**GIVEN INFORMATION**

⁂

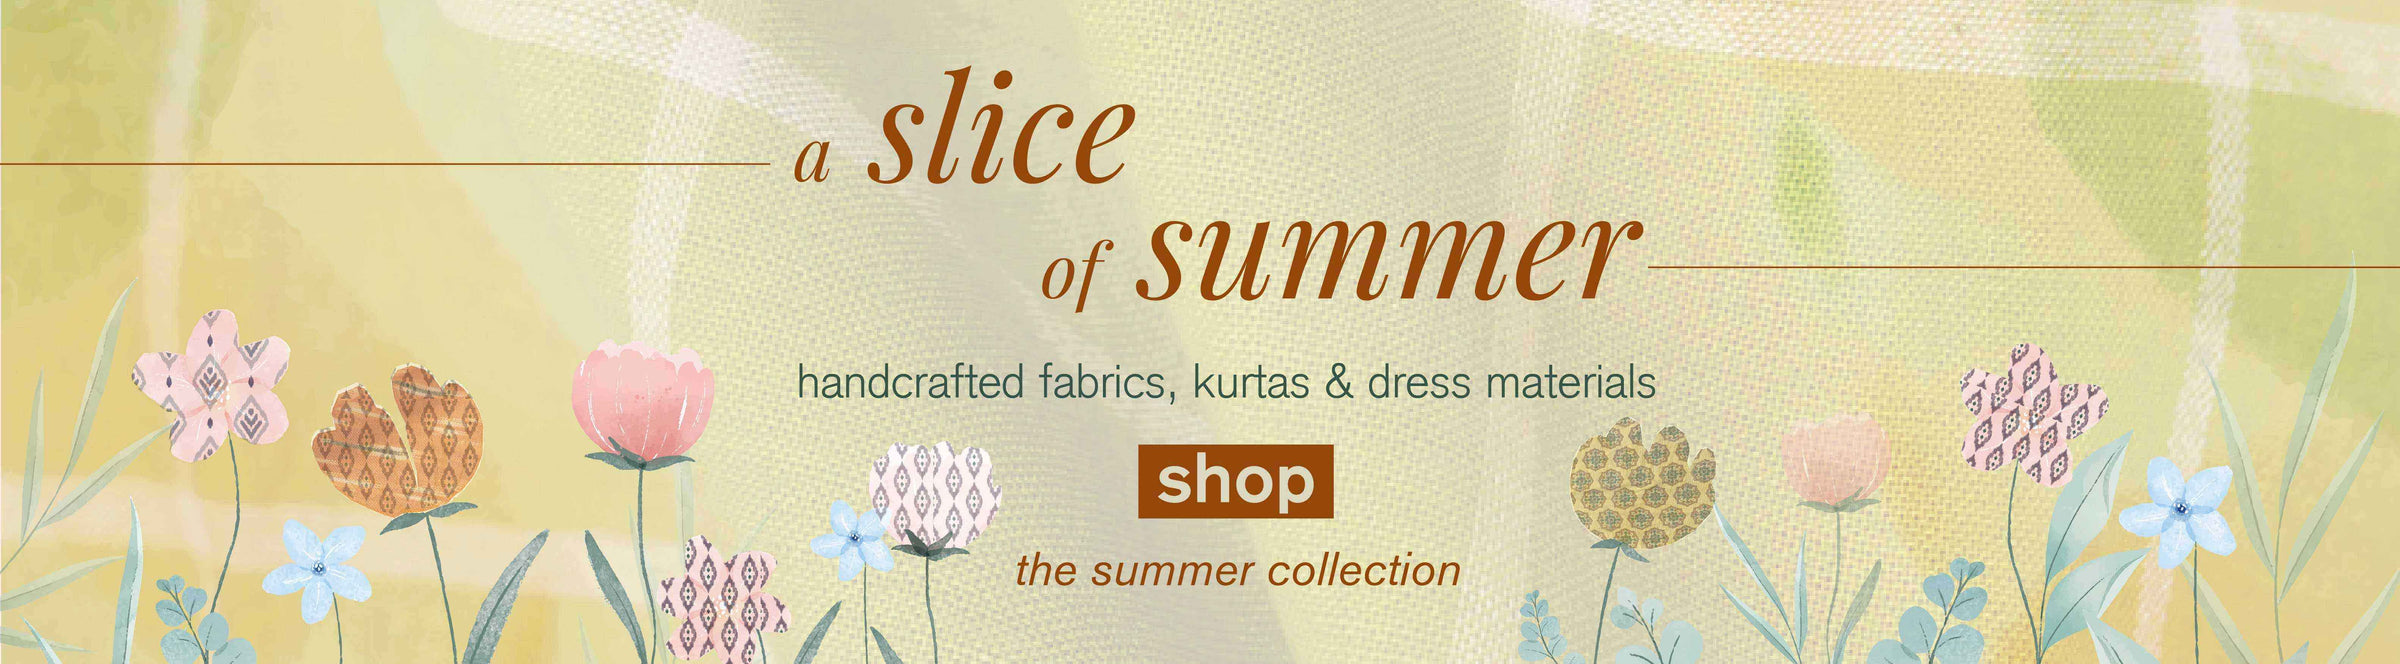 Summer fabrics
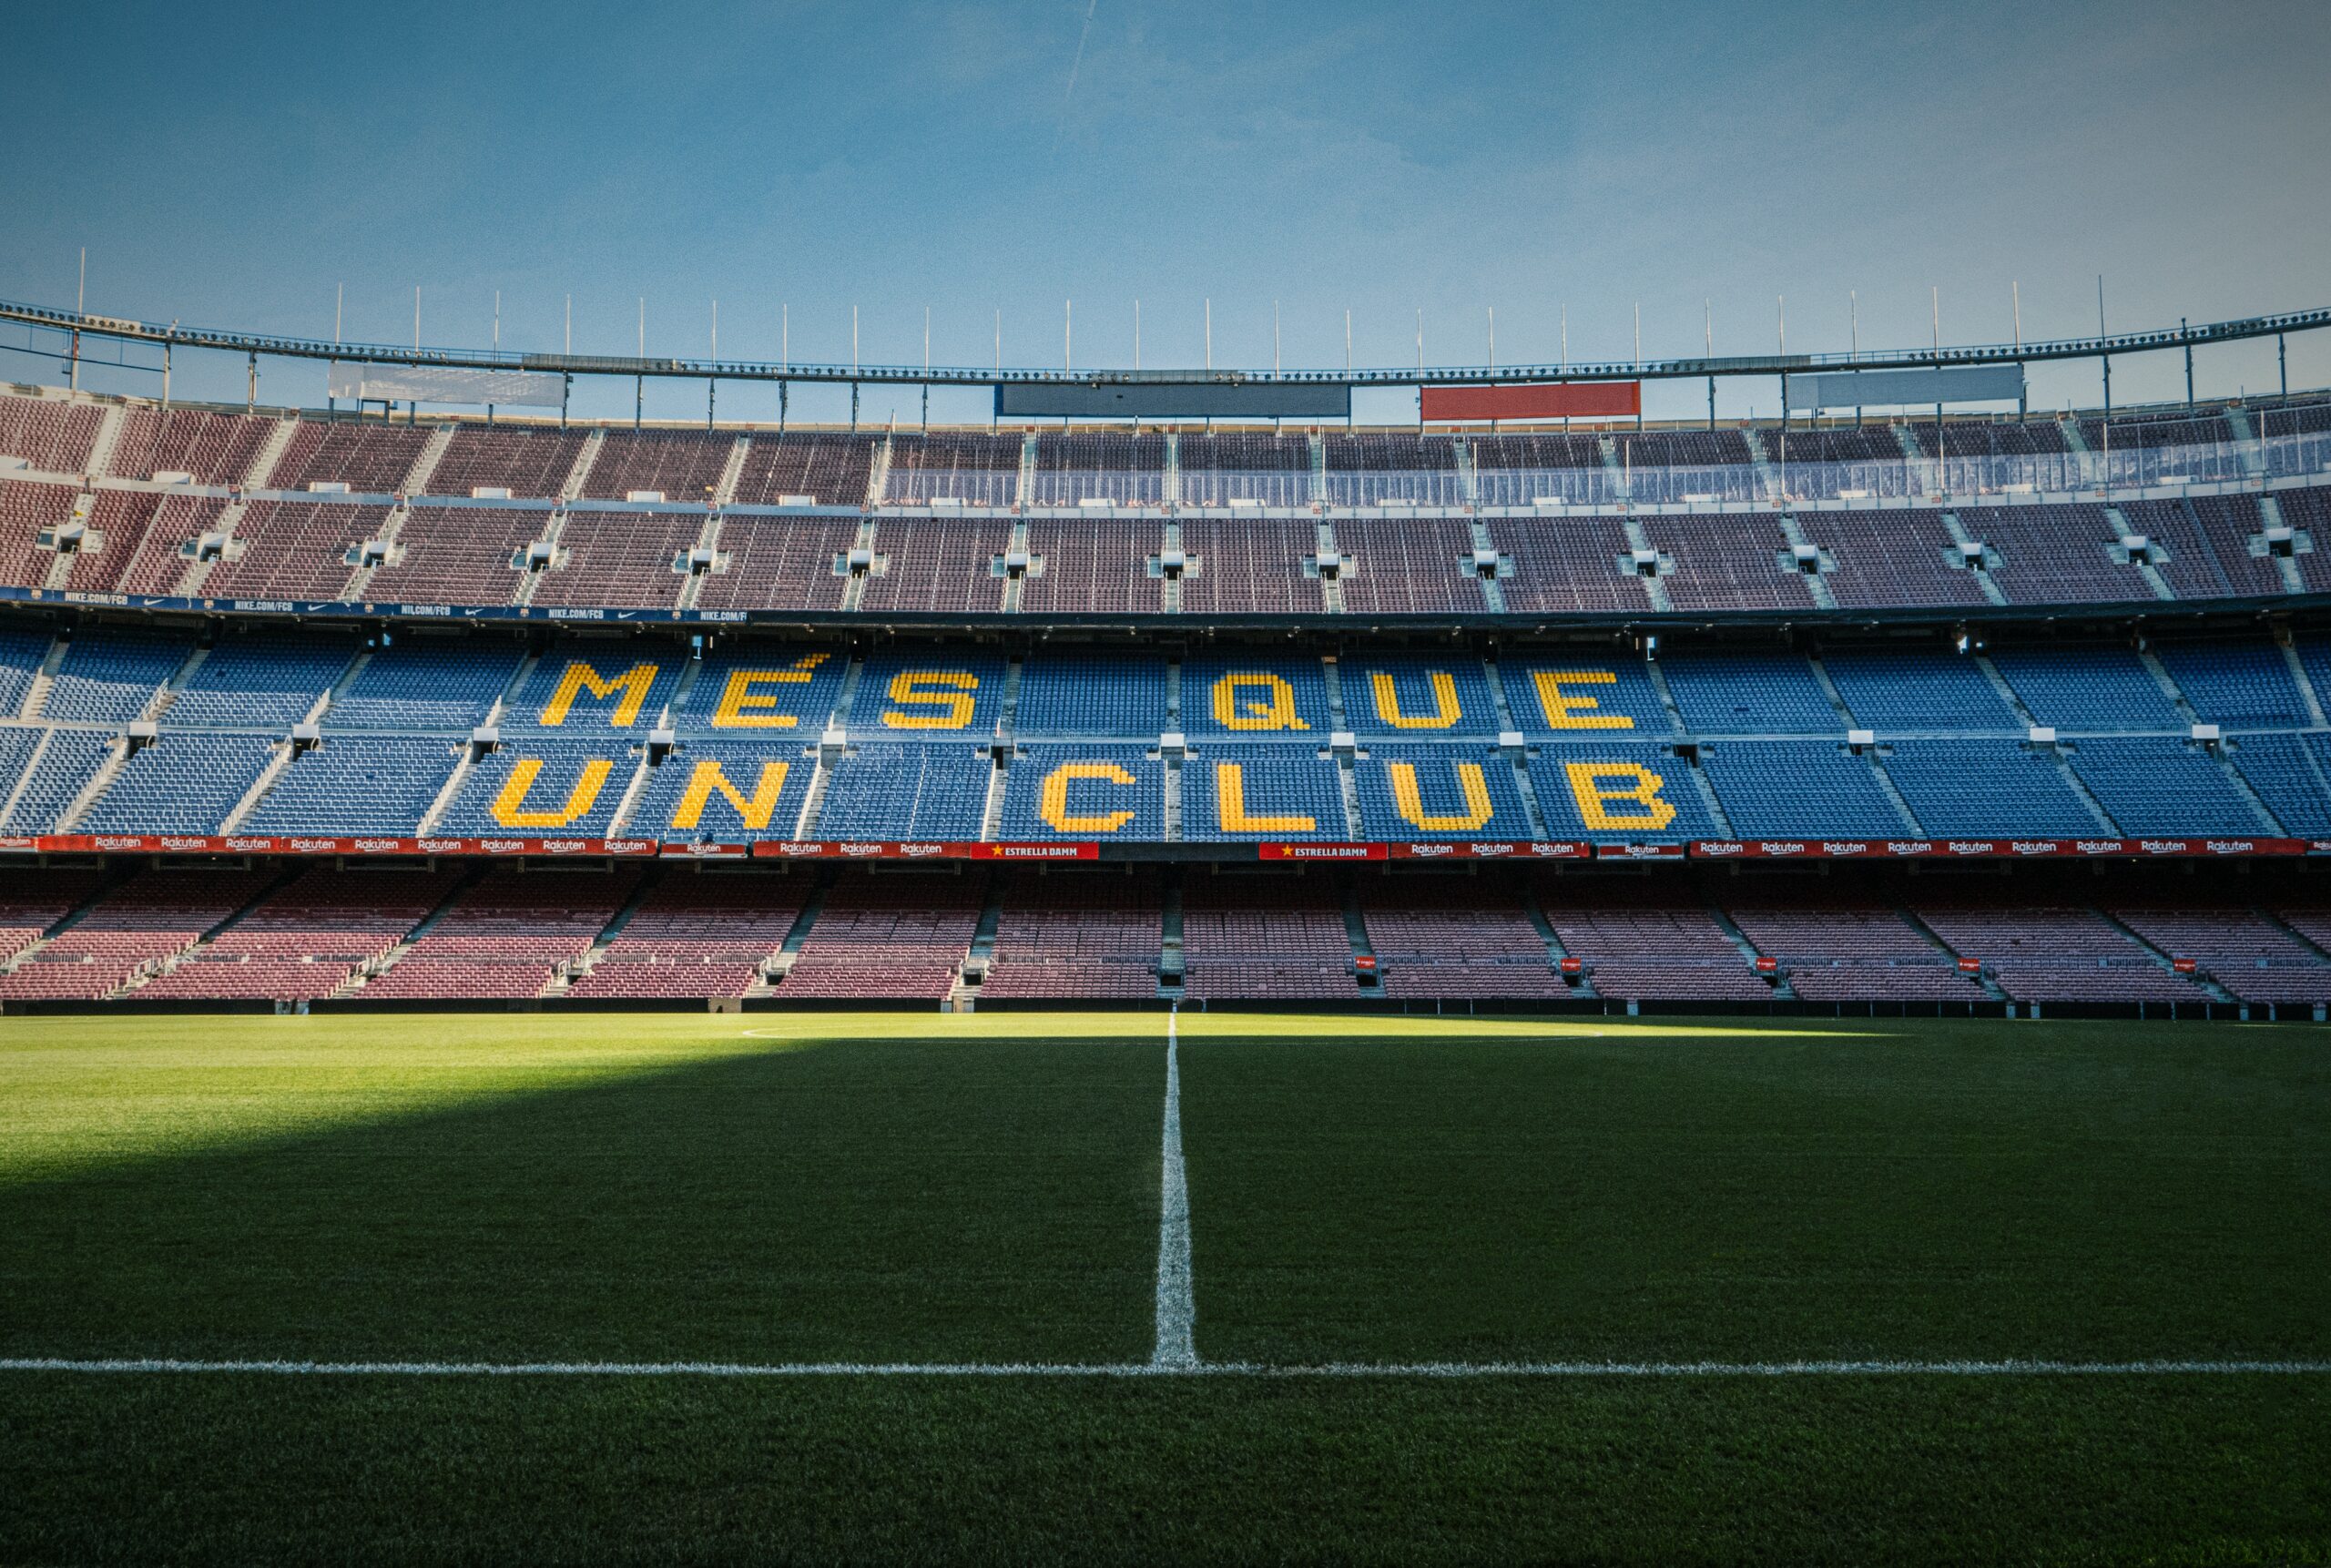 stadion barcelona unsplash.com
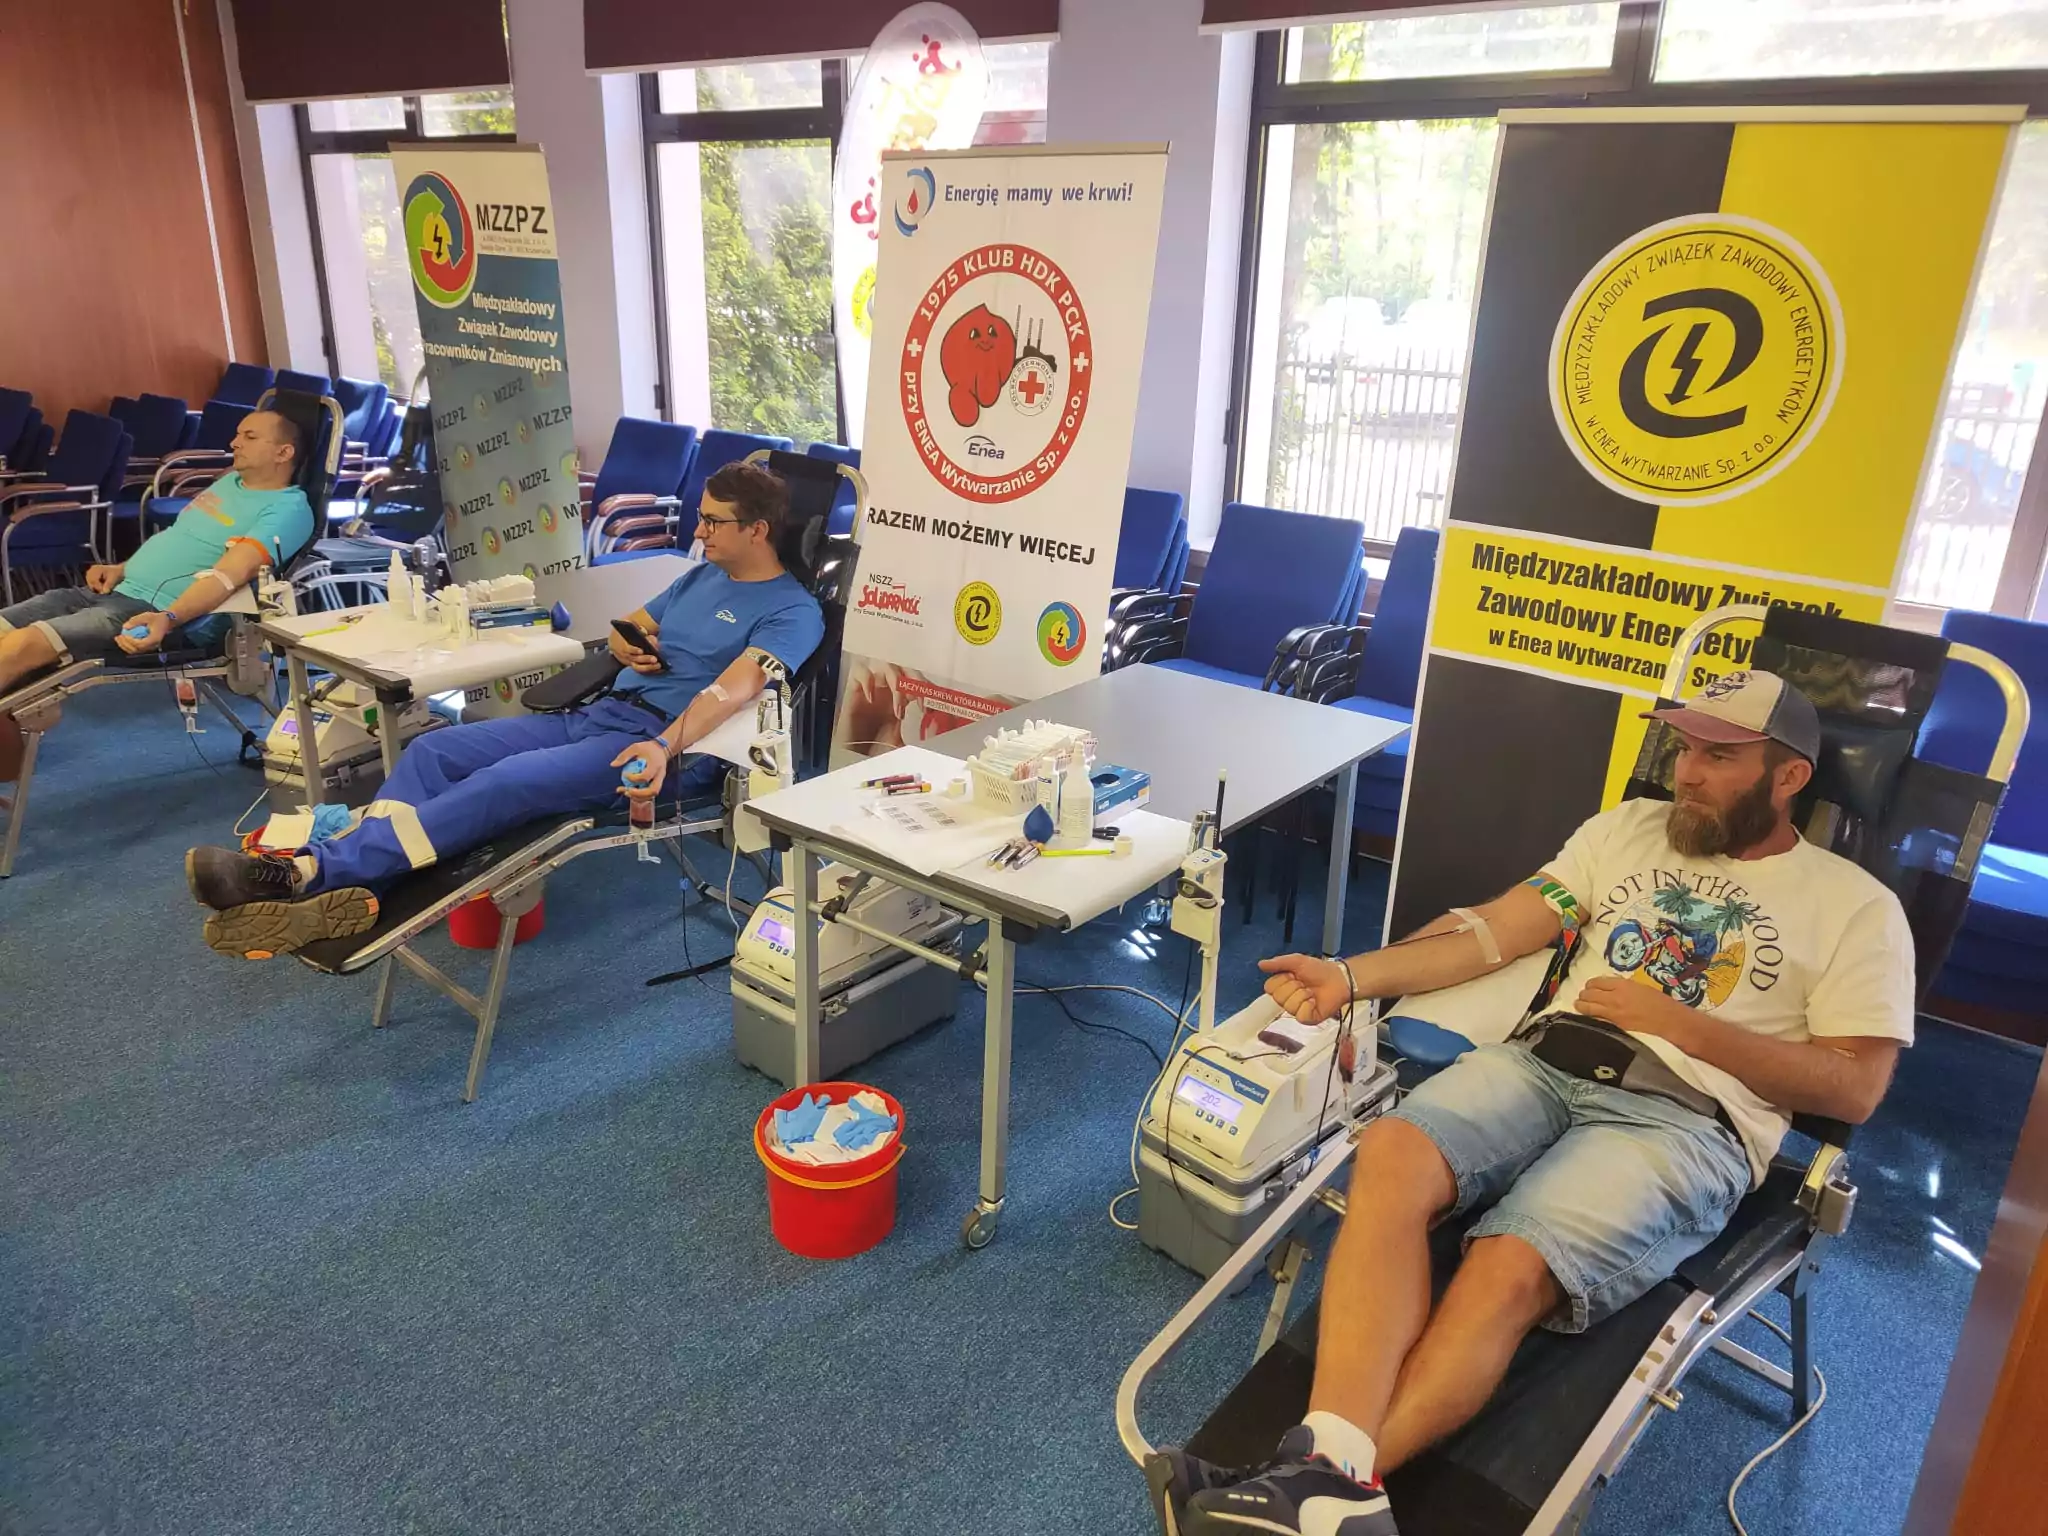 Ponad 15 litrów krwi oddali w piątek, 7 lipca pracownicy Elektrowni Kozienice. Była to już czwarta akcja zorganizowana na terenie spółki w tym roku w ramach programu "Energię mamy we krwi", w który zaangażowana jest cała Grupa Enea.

⁂

**EXERCISE DIRECTIONS**
Set the whole listing down again unchanged, apart from the pictures, which are omitted.

**WRITTEN RESPONSE**
 Summer fabrics
 stadion barcelona unsplash.com
 Ponad 15 litrów krwi oddali w piątek, 7 lipca pracownicy Elektrowni Kozienice. Była to już czwarta akcja zorganizowana na terenie spółki w tym roku w ramach programu "Energię mamy we krwi", w który zaangażowana jest cała Grupa Enea.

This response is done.